The next day, Nadya breakfasted on butter-soaked blini stuffed with cherries and cream. When she finished, the witch asked her, “What is it you want?”
“I want to go home,” said Nadya, glancing at the snow still falling outside. “But I can’t.”
“Well then,” said Magda. “Come help me stir the pot.”
This was how it went, day after day, as the snow fell and filled the clearing, rising up around the hut in great white waves.
On the morning the snow finally stopped, the witch fed Nadya potato pie and sausages and asked her, “What is it you want?”
“I want to go home,” said Nadya.
“Well then,” said Magda. “You’d better start shoveling.”
So Nadya took up the shovel and cleared a path around the hut, accompanied by Vladchek snuffling in the snow beside her and an eyeless crow that Magda fed on rye crumbs, and that sometimes perched upon the witch’s shoulder. In the afternoon, Nadya ate a slab of black bread spread with soft cheese and a dish of baked apples. Magda gave her a mug of hot tea laced with sugar, and back out she went.
When she finally reached the edge of the clearing, she wondered just where she was supposed to go. The frost had come. The woods were a frozen mass of snow and tangled branches. What might be waiting for her in there? And even if she could make it through the deep snow and find her way back to Duva, what then? A tentative embrace from her weak-willed father? Far worse from his hungry-eyed wife? No path could lead her back to the home she had known. The thought opened a bleak crack inside of her, a fissure where the cold seeped through. For a terrifying moment, she was nothing but a lost girl, nameless and unwanted. She might stand there forever, a shovel in her hand, with no one to call her home. Nadya turned on her heel and scurried back to the warm confines of the hut, whispering her name beneath her breath as if she might forget it.
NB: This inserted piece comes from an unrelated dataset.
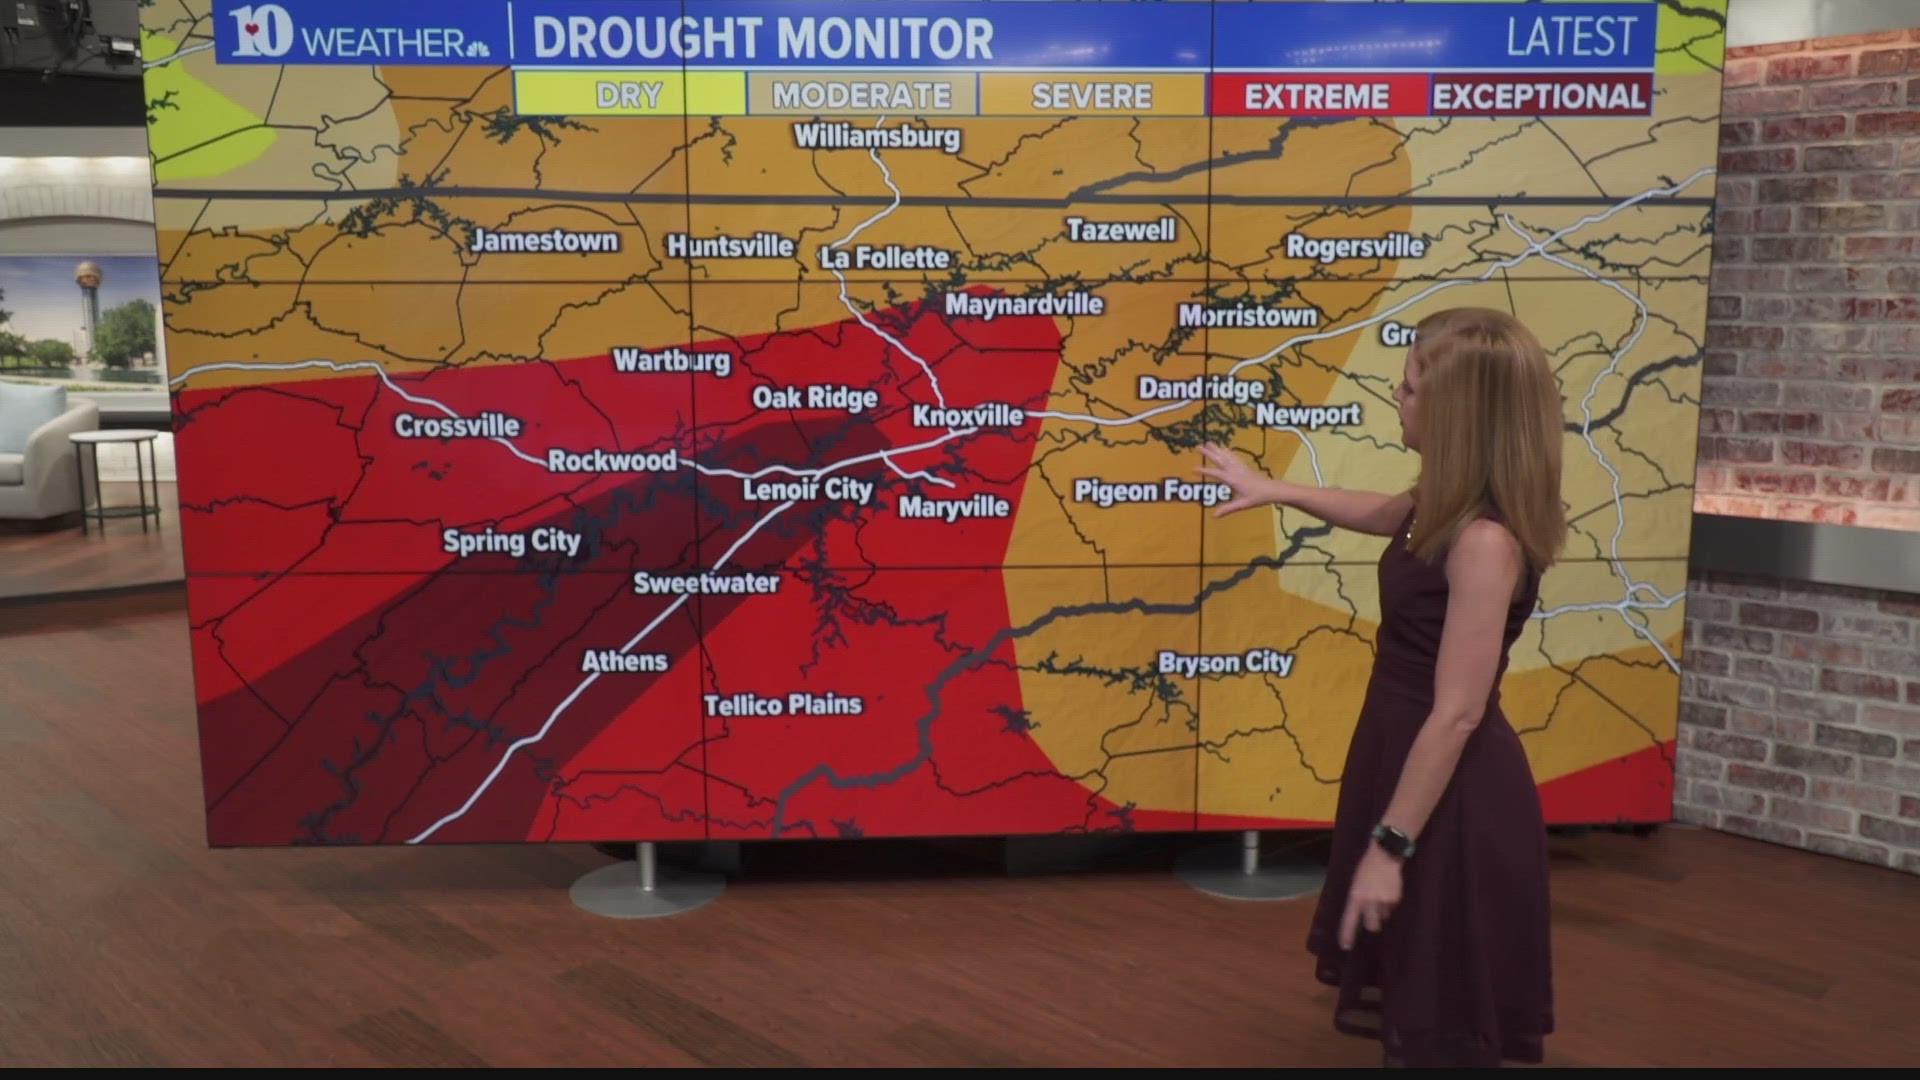 Meteorologist Cassie Nall tracked our dry conditions as the new drought monitor was released today.

Each day, Nadya worked. She cleaned floors, dusted shelves, mended clothes, shoveled snow, and scraped the ice away from the windows. But mostly, she helped Magda with her cooking. It was not all food. There were tonics and ointments, bitter smelling pastes, jewel-colored powders packed in small enamel boxes, tinctures in brown glass bottles. There was always something strange brewing on that stove.
Soon she learned why.
They came late at night, when the moon was waxing, slogging through miles of ice and snow, on sledges and shaggy ponies, even on foot. They brought eggs, jars of preserves, sacks of flour, bales of wheat. They brought smoked fish, blocks of salt, wheels of cheese, bottles of wine, tins of tea, and bag after bag of sugar, for there was no denying Magda’s sweet tooth. They cried out for love potions and untraceable poisons. They begged to be made beautiful, healthy, rich.
Always, Nadya stayed hidden. On Magda’s orders, she climbed high into the shelves of the larder.
“Stay there and keep quiet,” Magda said. “I don’t need rumors starting that I’ve been taking girls.”
So Nadya sat with Vladchek, nibbling on a spice cookie or sucking on a hunk of black licorice, watching Magda work. She might have announced herself to these strangers at any time, pleaded to be taken home or given shelter, shouted that she’d been trapped by a witch. Instead, she sat silent, sugar melting on her tongue, watching as they came to this old woman, how they turned to her with desperation, with resentment, but always with respect.
Magda gave them drops for their eyes, tonics for the scalp. She ran her hands over their wrinkles, tapped a man’s chest till he hacked up black bile. Nadya was never sure how much was real and how much was show until the night the wax-skinned woman came.
She was gaunt, as they all were, her face a skull of hard-carved hollows. Magda asked the question she asked anyone who came to her door: “What is it you want?” The woman collapsed in her arms, weeping, as Magda murmured soothing words, patted her hand, dried her tears. They conferred in voices too low for Nadya to decipher, and before the woman left, she took a tiny pouch from her pocket and shook the contents into Magda’s palm. Nadya craned her neck to get a better look, but Magda’s hand clamped shut too quickly.
The next day, Magda sent Nadya out of the house to shovel snow. When she returned at lunchtime, she was shooed back out with a cup of codfish stew. Dusk came, and as Nadya finished sprinkling salt along the edges of the path, the scent of gingerbread drifted to her across the clearing, rich and spicy, filling her nose until she felt nearly drunk.